Data block

※ ※ ※

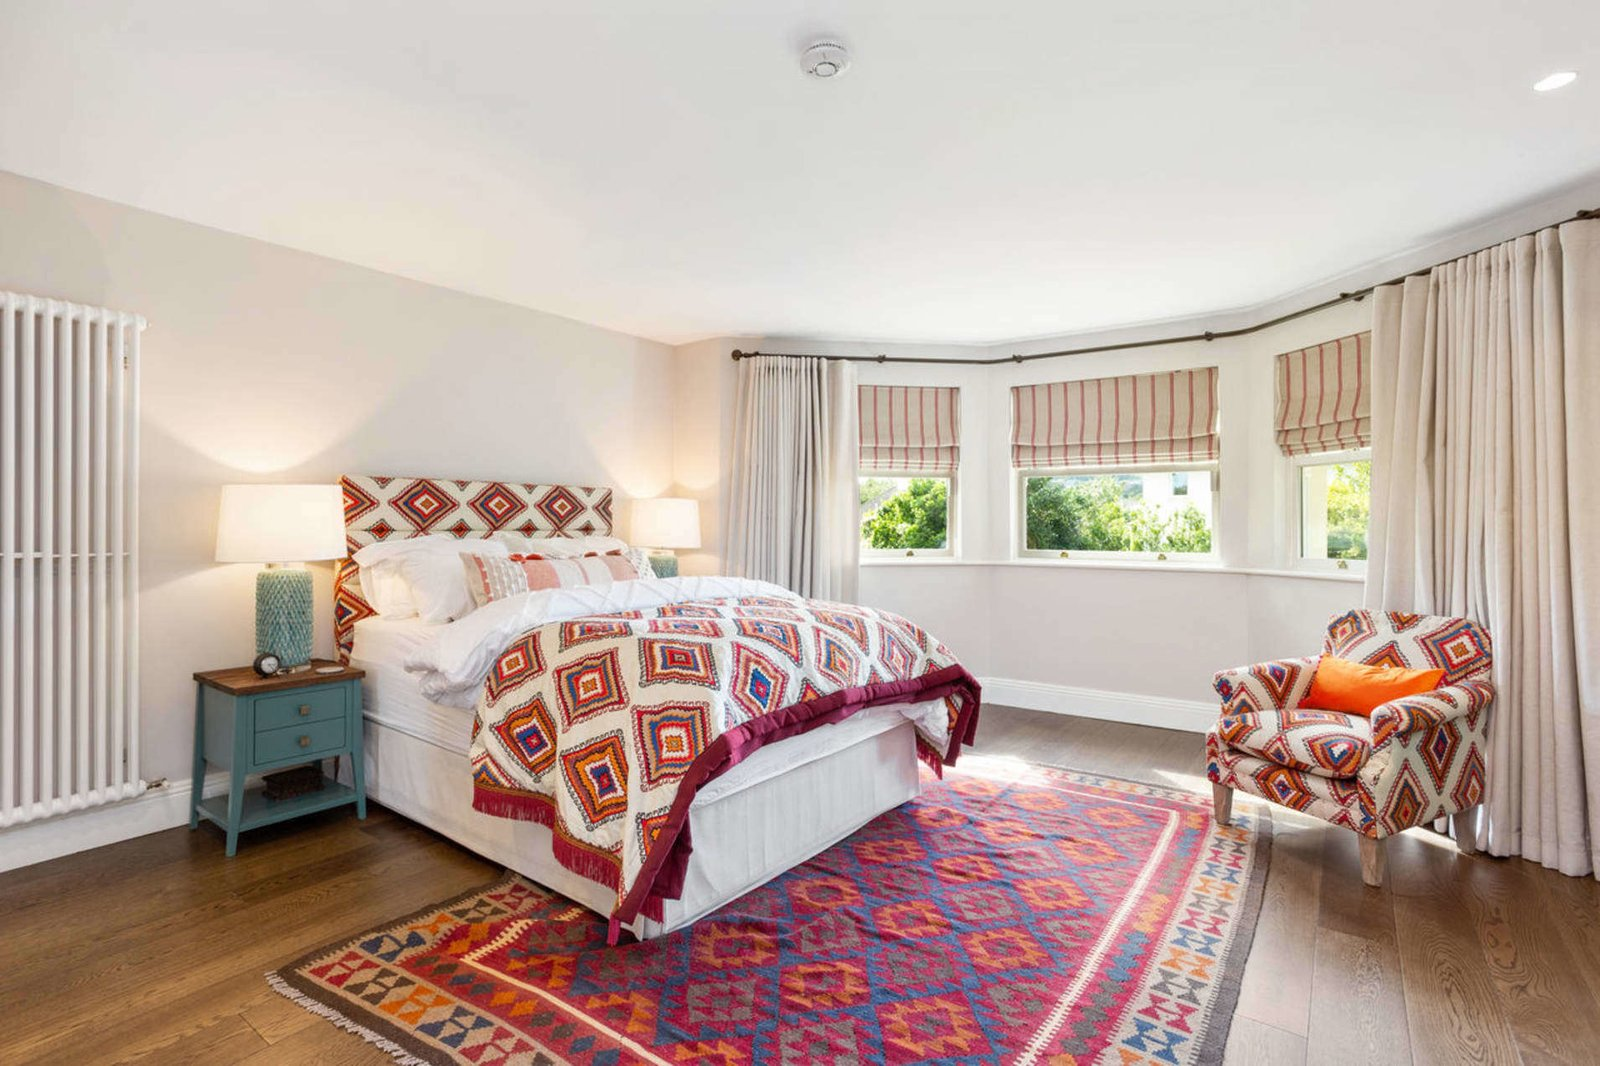 Saoirse Ronan Pine Lodge Ireland real estate bedroom
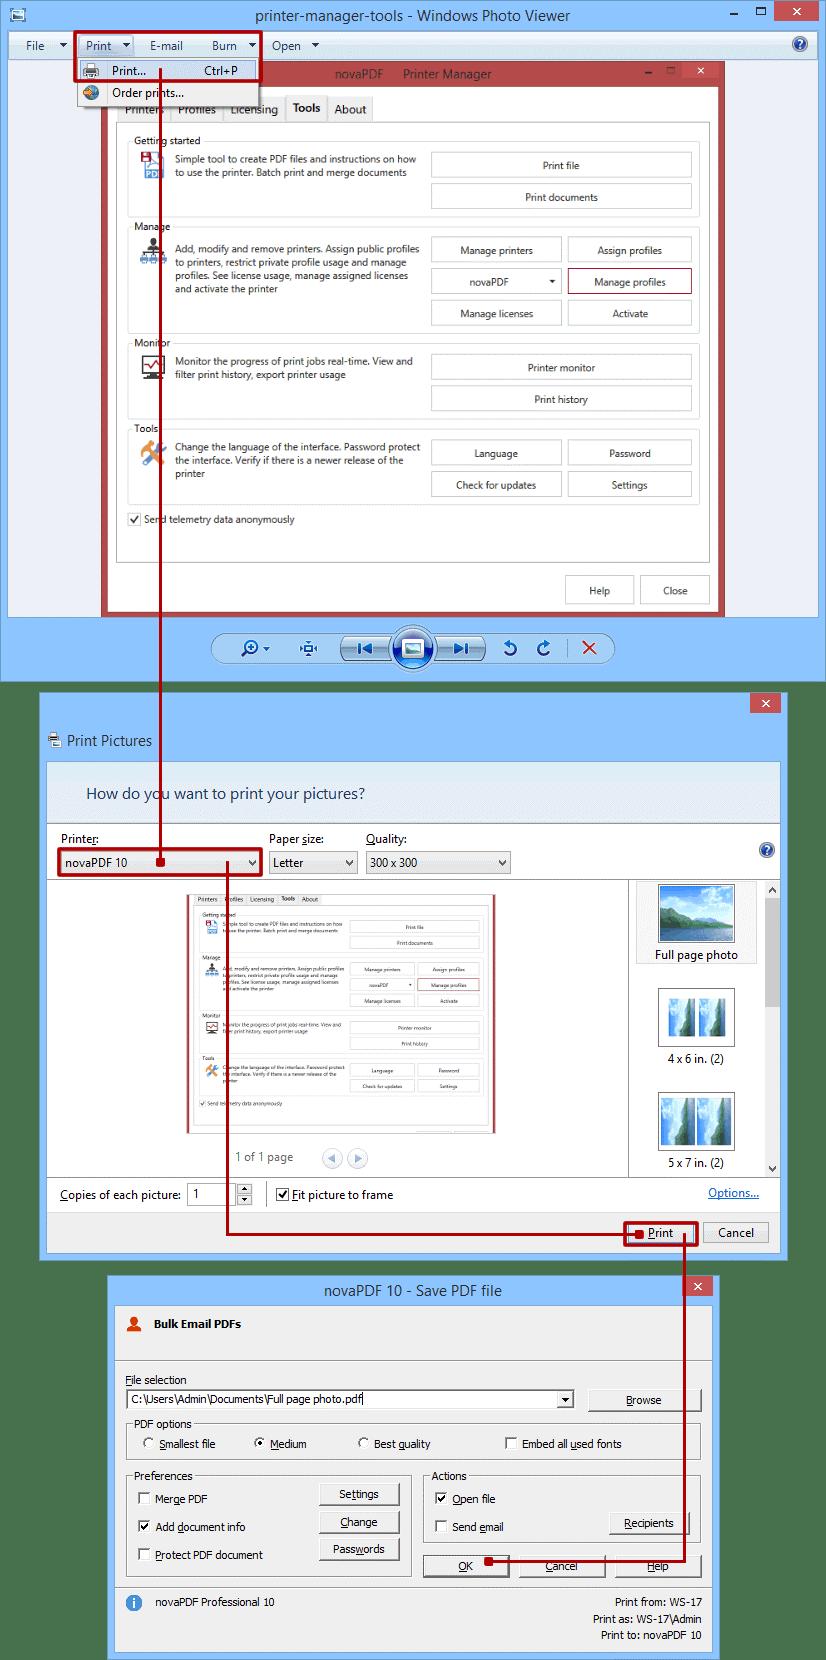 Windows Photo Viewer بهترین نرم افزار تبدیل عکس به پی دی اف - چیکاو
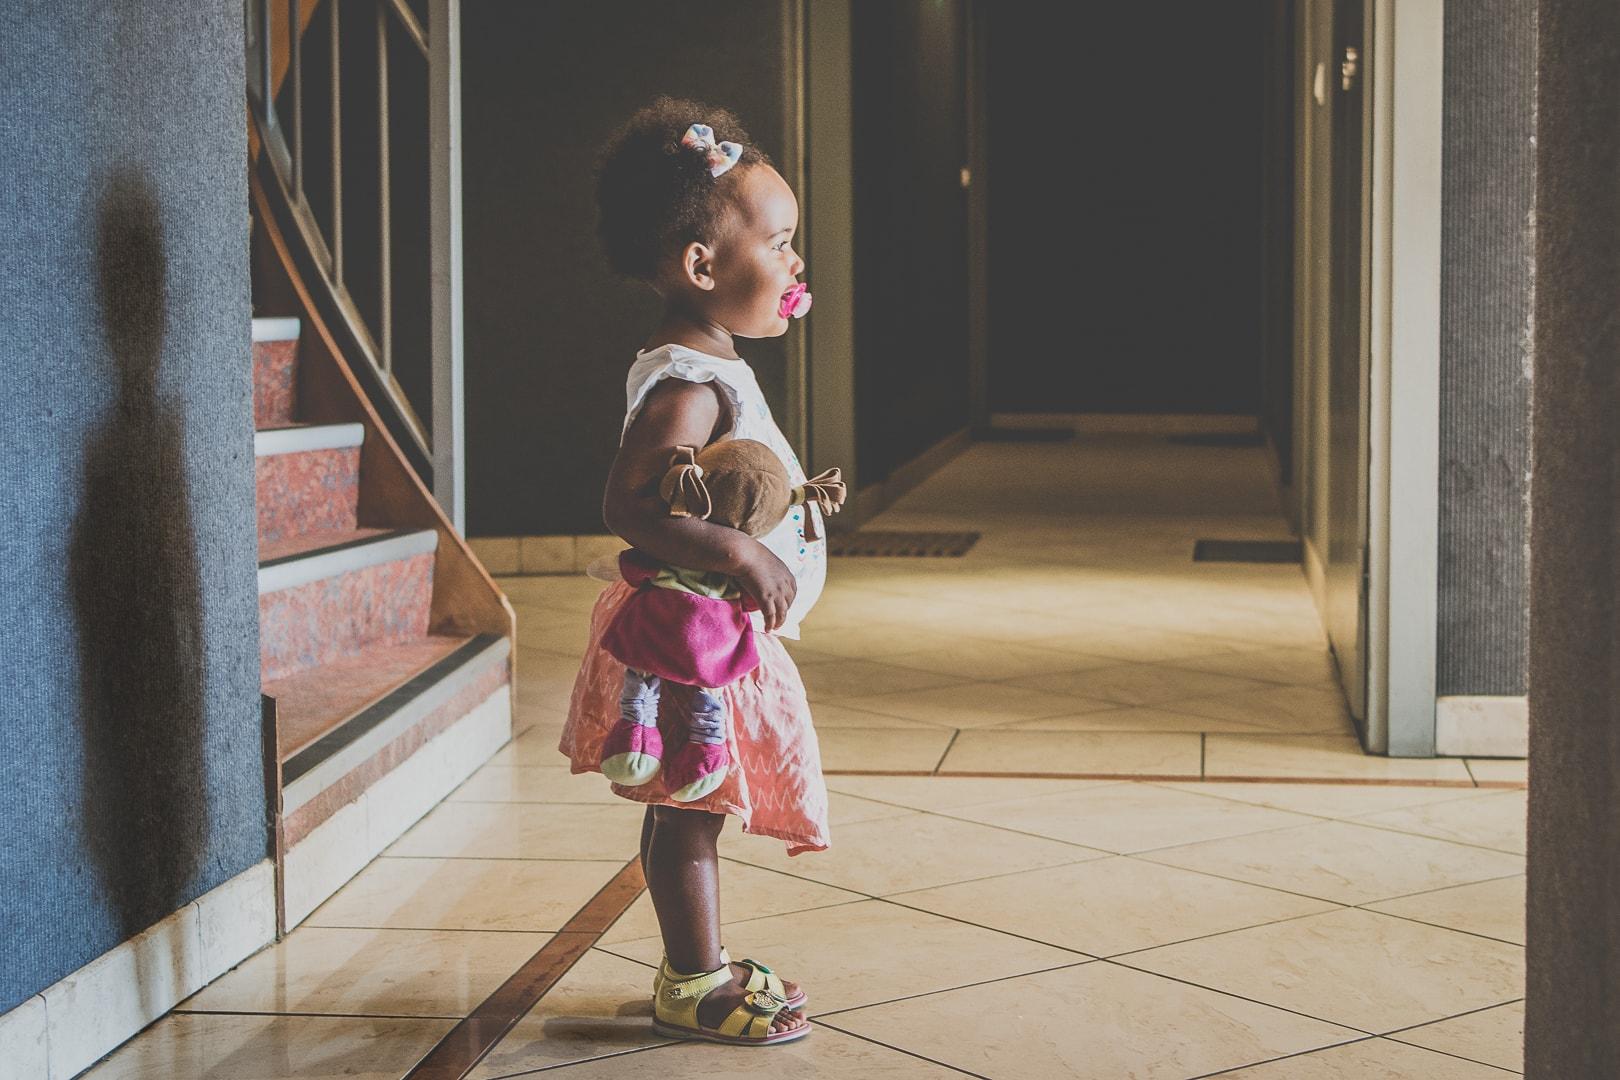 trezors-photography-photographe-professionnel-toulouse-31-enfance-seance-famille-lifestyle (5)

※ ※ ※

Problem requirements
Skip every picture and transcribe the data above exactly.

Expected answer
 Saoirse Ronan Pine Lodge Ireland real estate bedroom
 Windows Photo Viewer بهترین نرم افزار تبدیل عکس به پی دی اف - چیکاو
 trezors-photography-photographe-professionnel-toulouse-31-enfance-seance-famille-lifestyle (5)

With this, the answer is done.